Fluent uses a file with a list of hostnames for each unique host that will run an MPI fluent process, one per line. This list is give as an arguement at startup -cnf=hostname1,hostname2,etc or a filename.

Use this commmand to create a file from the SLRUM variable into a file name stored in the variable FL_SCHEDULER_HOST_FILE, or simple give it a filename here.

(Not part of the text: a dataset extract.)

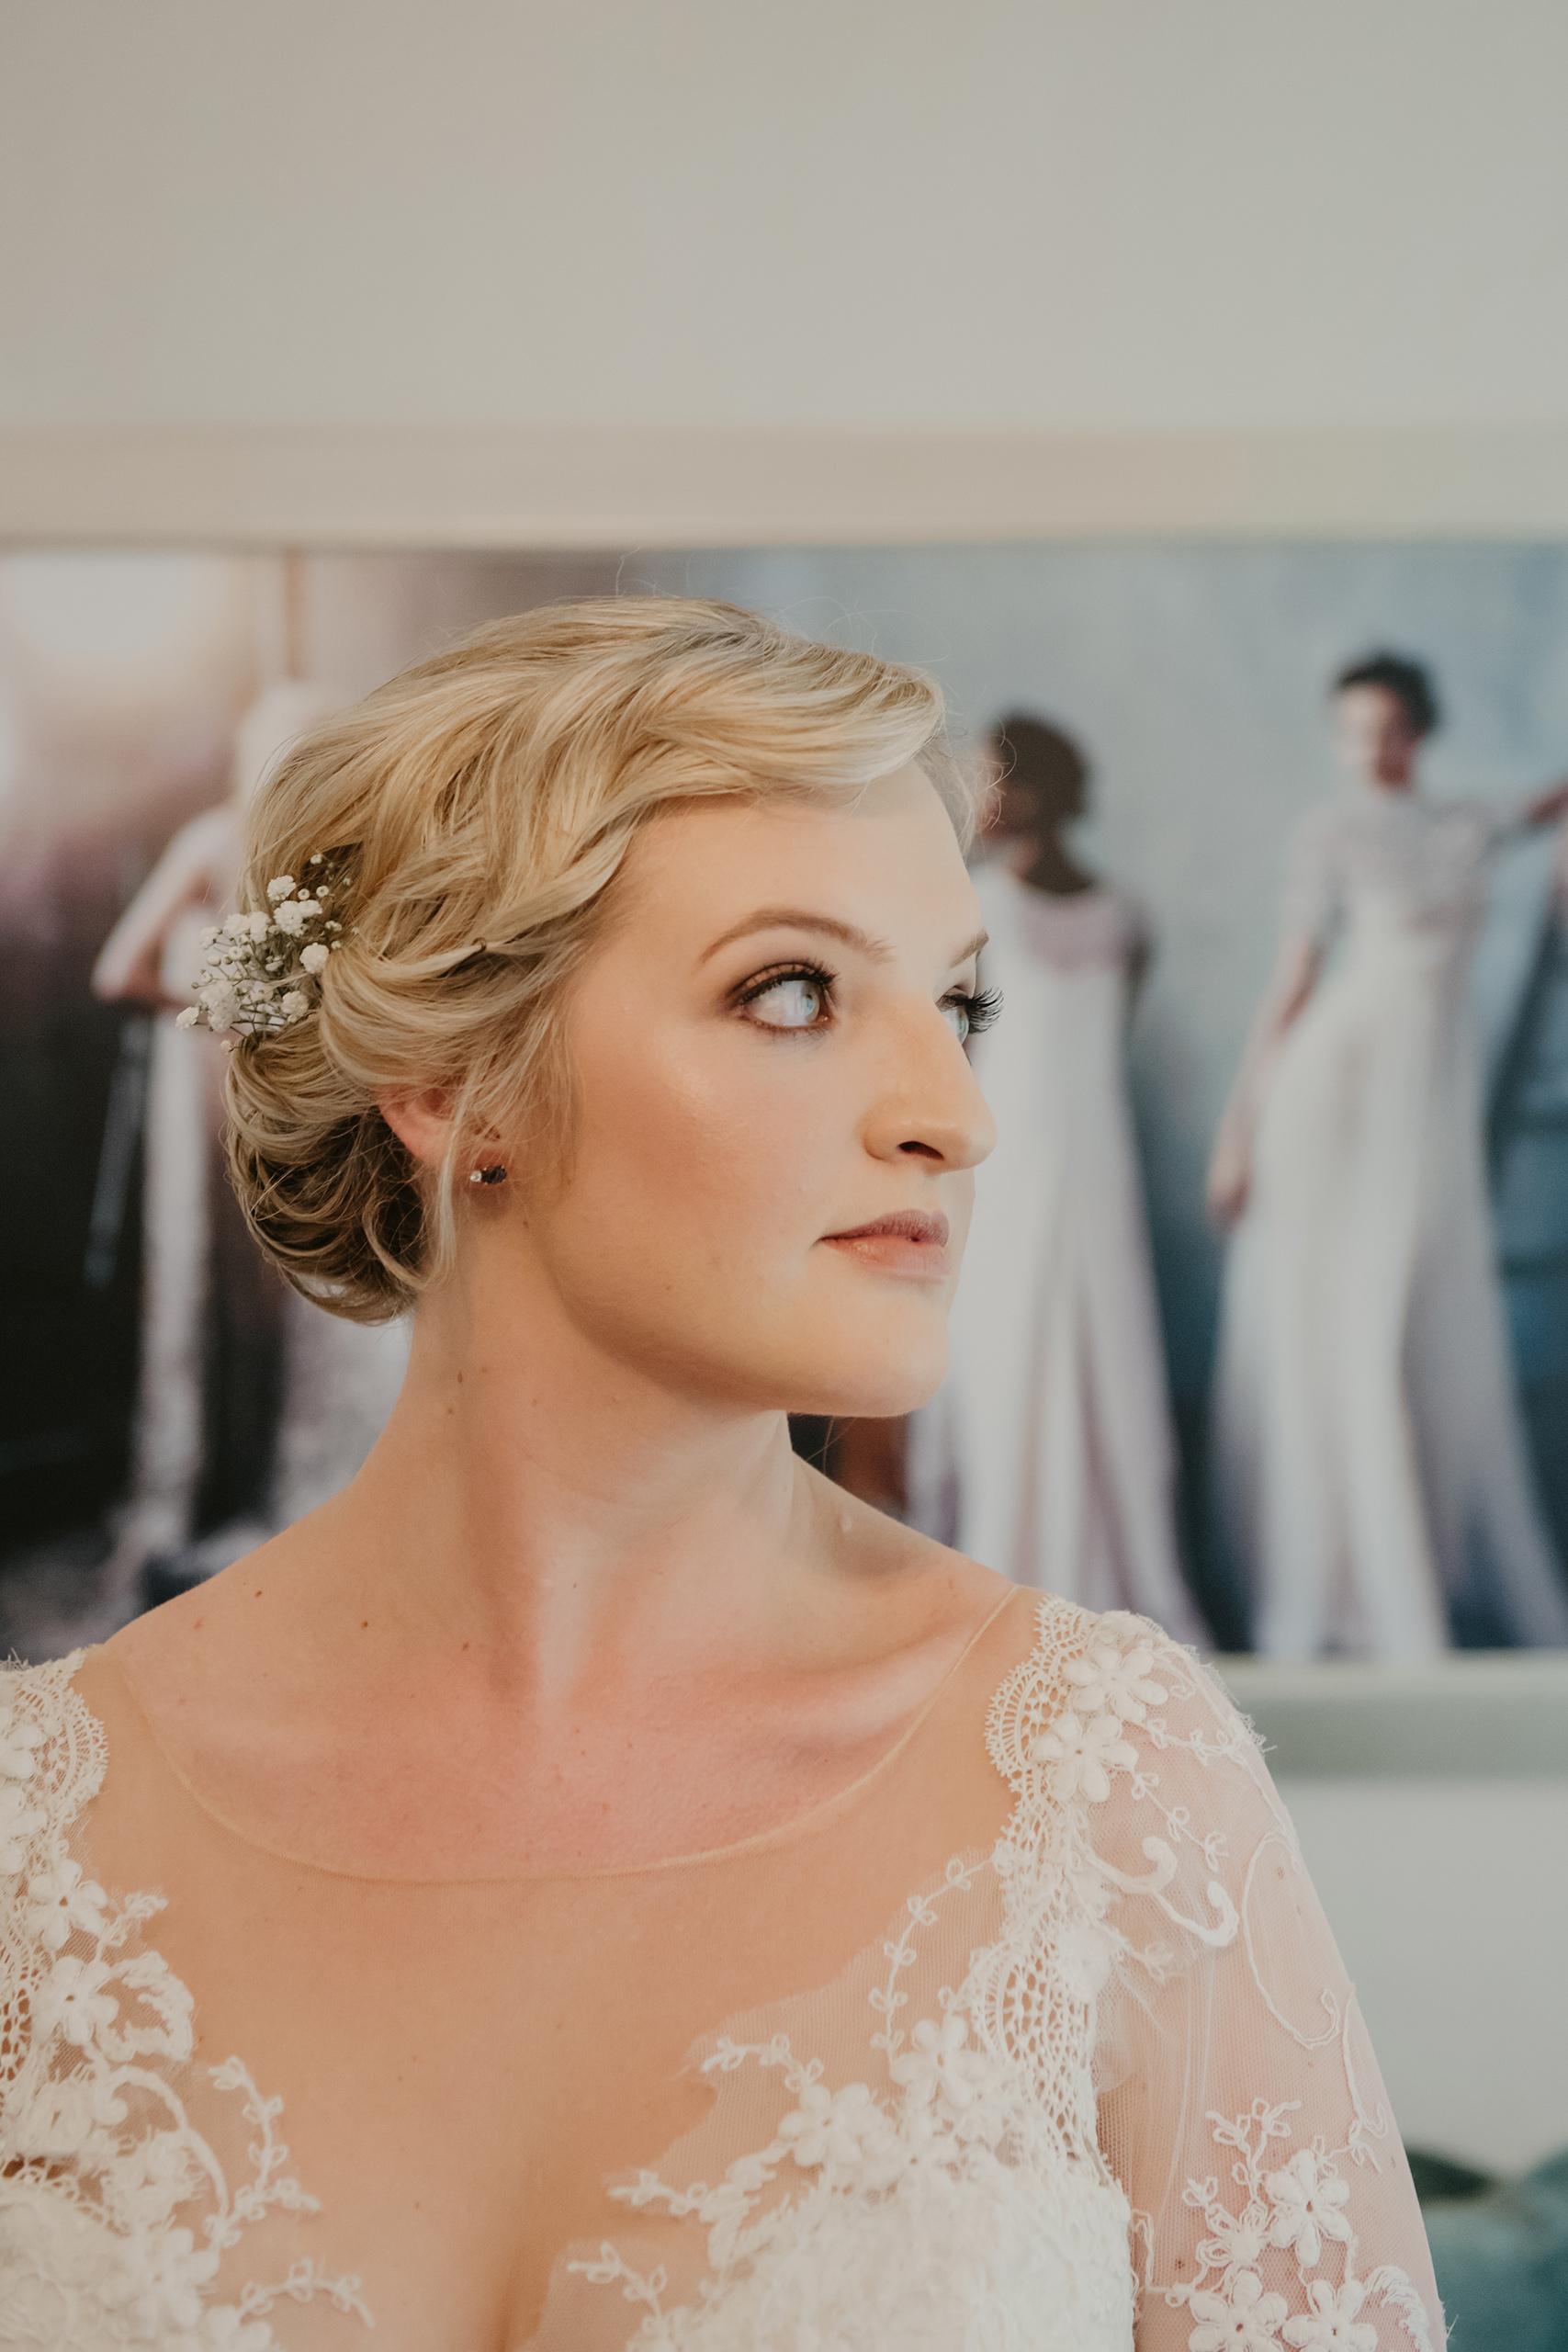 Kelly-Jean | Hair & Makeup Artist - Hair & Makeup Johannesburg

[joeuser@c078 ~]$ scontrol show hostnames "$SLURM_JOB_NODELIST" >> $FL_SCHEDULER_HOST_FILE

Mulit-node Step 7: Starting the Fluent Application

Fluent application started with this CPU core count number, and the flag “-cnf=node_hostnames” as follows. Know that the HPC Cluster Wendian has 36-cpu machines and the requested number of nodes is 2.

[joeuser@c001 ~]$ fluent 3ddp -t56 -cnf=c001,c002

OR using a file as the input.

[joeuser@c001 ~]$ echo $FL_SCHEDULER_HOST_FILE
hostname_file
[joeuser@c001 ~]$ cat $FL_SCHEDULER_HOST_FILE
c001
c002
[joeuser@c001 ~]$ fluent 3ddp -t56 -cnf=$FL_SCHEDULER_HOST_FILE

See Startup options for Ansys Fluent at the command line, and fluent job scheduler startup options for launching directly from the login node.